The plants reliably last all summer and produce more mini-tomatillo-shaped fruits than you’ll know what to do with. The fallen fruits should be warm golden yellow and about ½” in diameter. Stake or trellis these for a cleaner, more compact growth habit.
Okra
Okra is one of the most heat-loving vegetables you can grow in your garden. Bolting is not a problem because you actually want these plants to produce flowers and fruits. ‘Clemson Spineless 80’ was developed at Clemson University specifically for growing in the Deep South. The uniquely grooved pods are highly desirable amongst okra lovers, with delicious full-bodied flavor. They are best harvested at three to four inches long for the most tender skins. The pods can become tough if you let them get too big.

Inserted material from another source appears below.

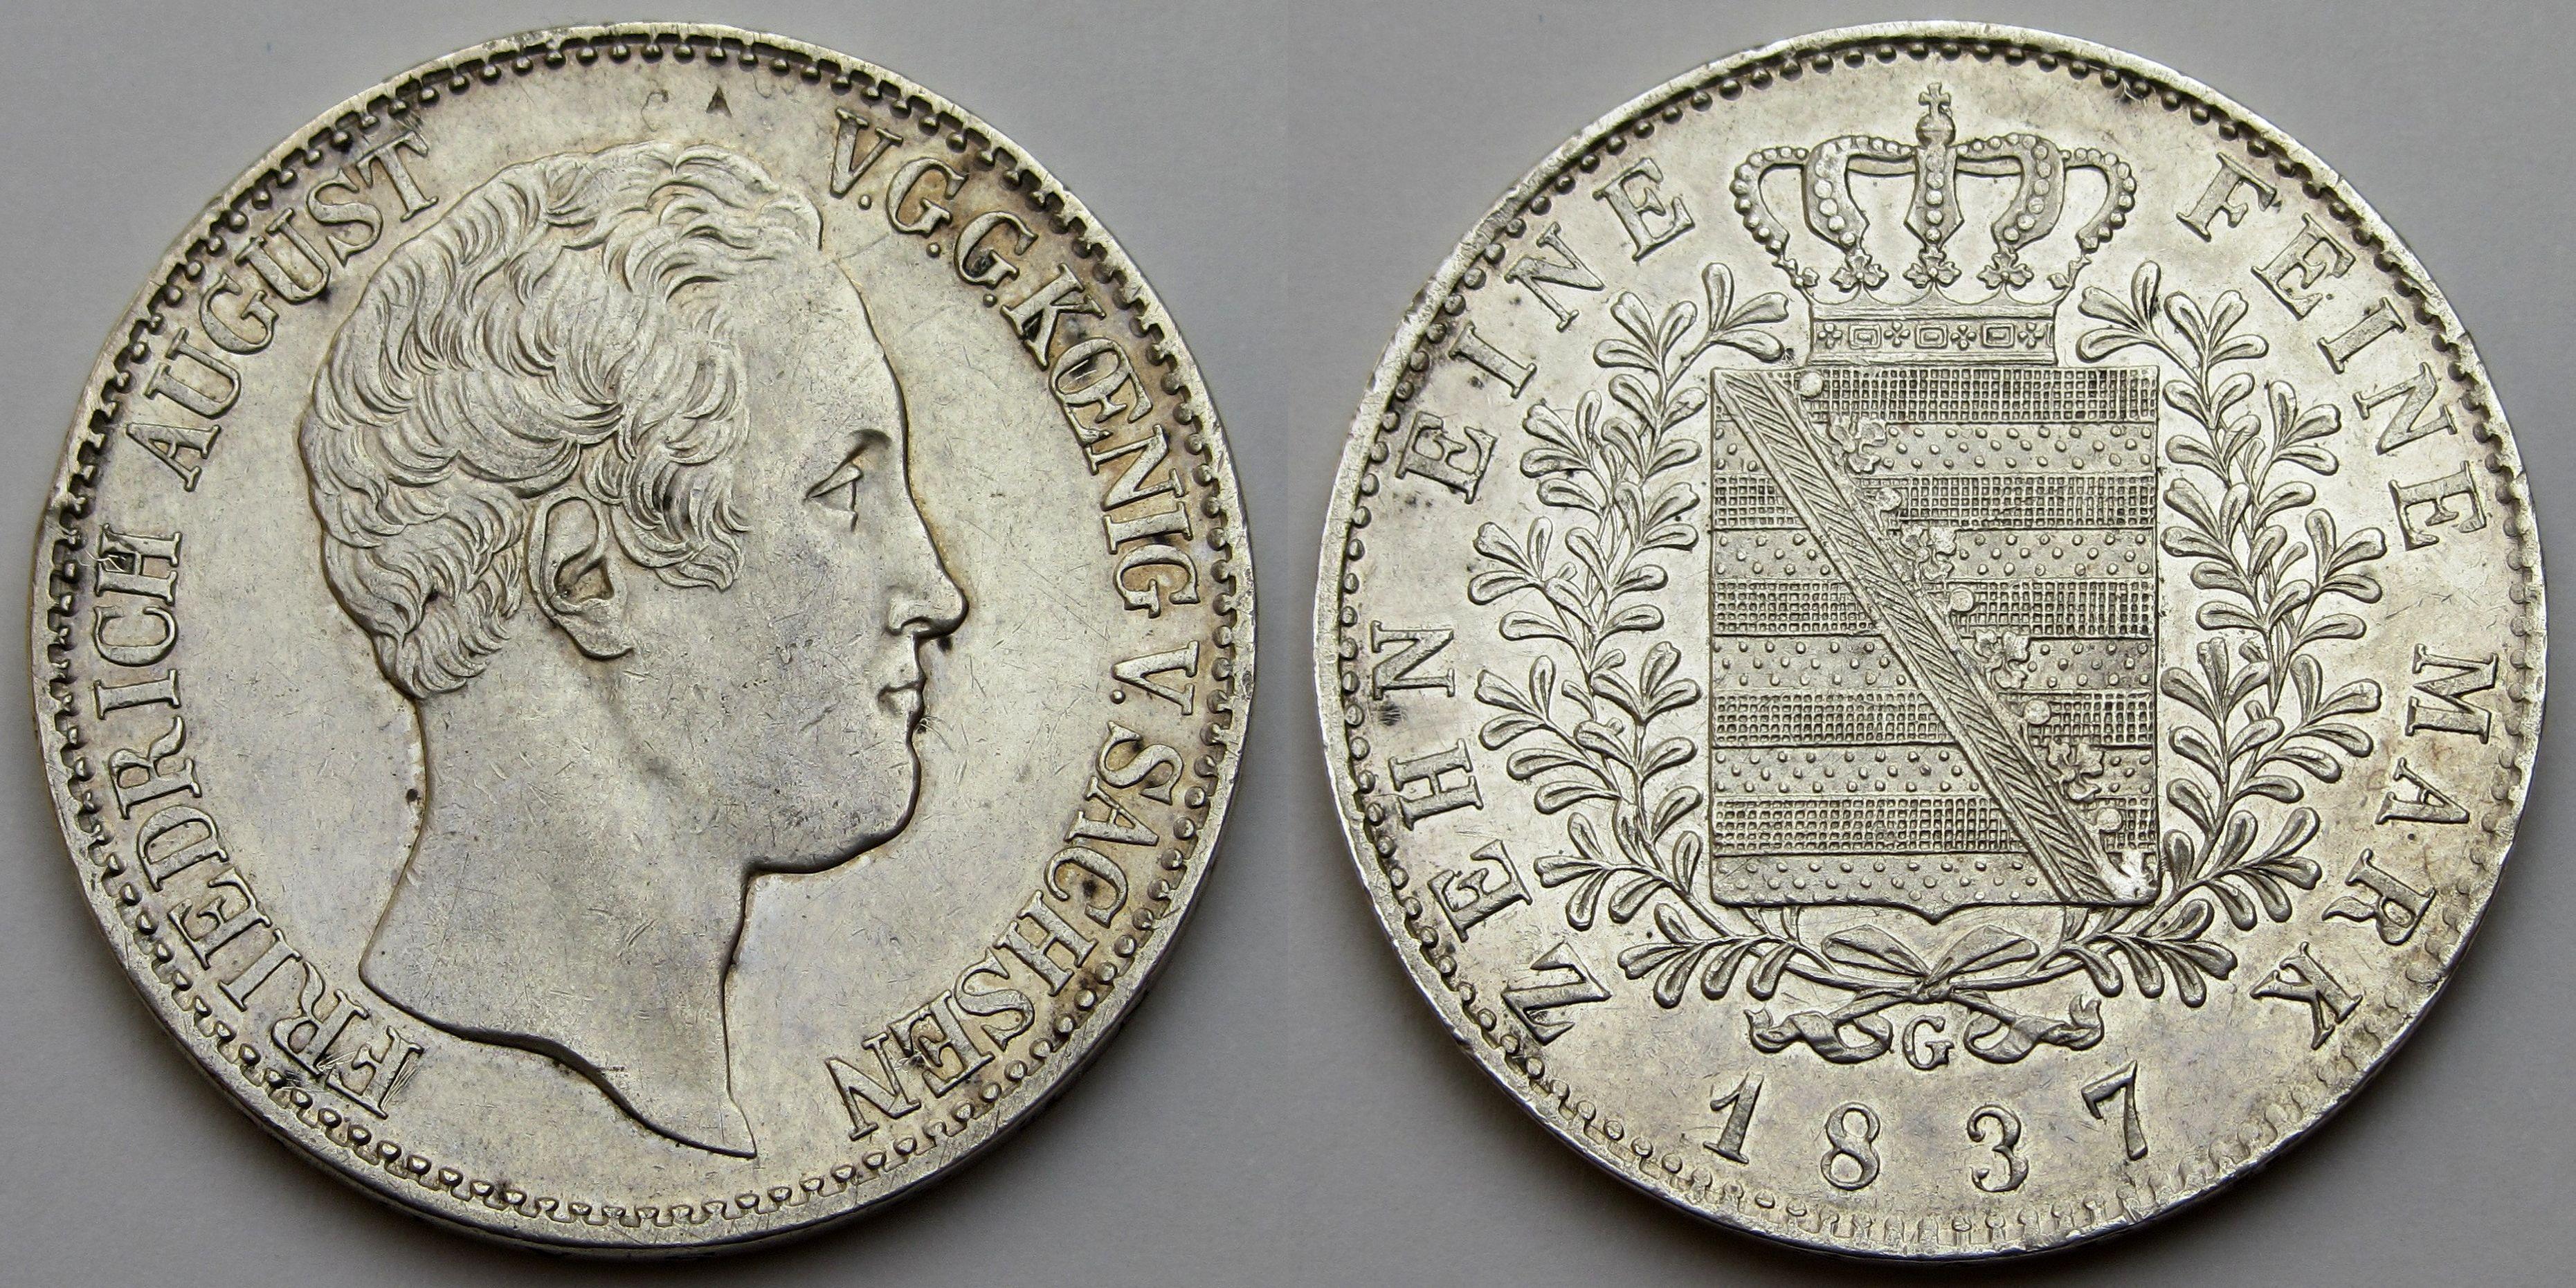 Speziestaler 1837.jpg

Okra is extremely heat tolerant, reliably standing in the garden even through sweltering triple digits. As long as you provide some regular moisture and full sunshine, these plants are the perfect summer vegetable to harvest when many other crops have become inedible due to bolting. Okra flowers are also highly attractive to flowers and add a beautiful ornamental display similar to hollyhocks.
Final Thoughts
Bolting is a natural part of plants’ life cycles, but it can be annoying for gardeners when the edible parts of the crop become tough, bitter, or undesirable. You can prevent bolting by choosing cultivars that are bred for bolt resistance and heat tolerance. Keep your crops well-watered (but never soggy) and buffered against temperature extremes by using mulch, row cover, or shade cloth, when appropriate.
Clever companion planting, such as cilantro under the dappled shade of tomatoes or lettuce at the base of trellised cucumbers, can help provide cooler conditions to crops that tend to bolt in the heat.
Most importantly, regularly harvest your vegetables (especially those greens!) to prolong the leafy production phase and prevent them from going to seed.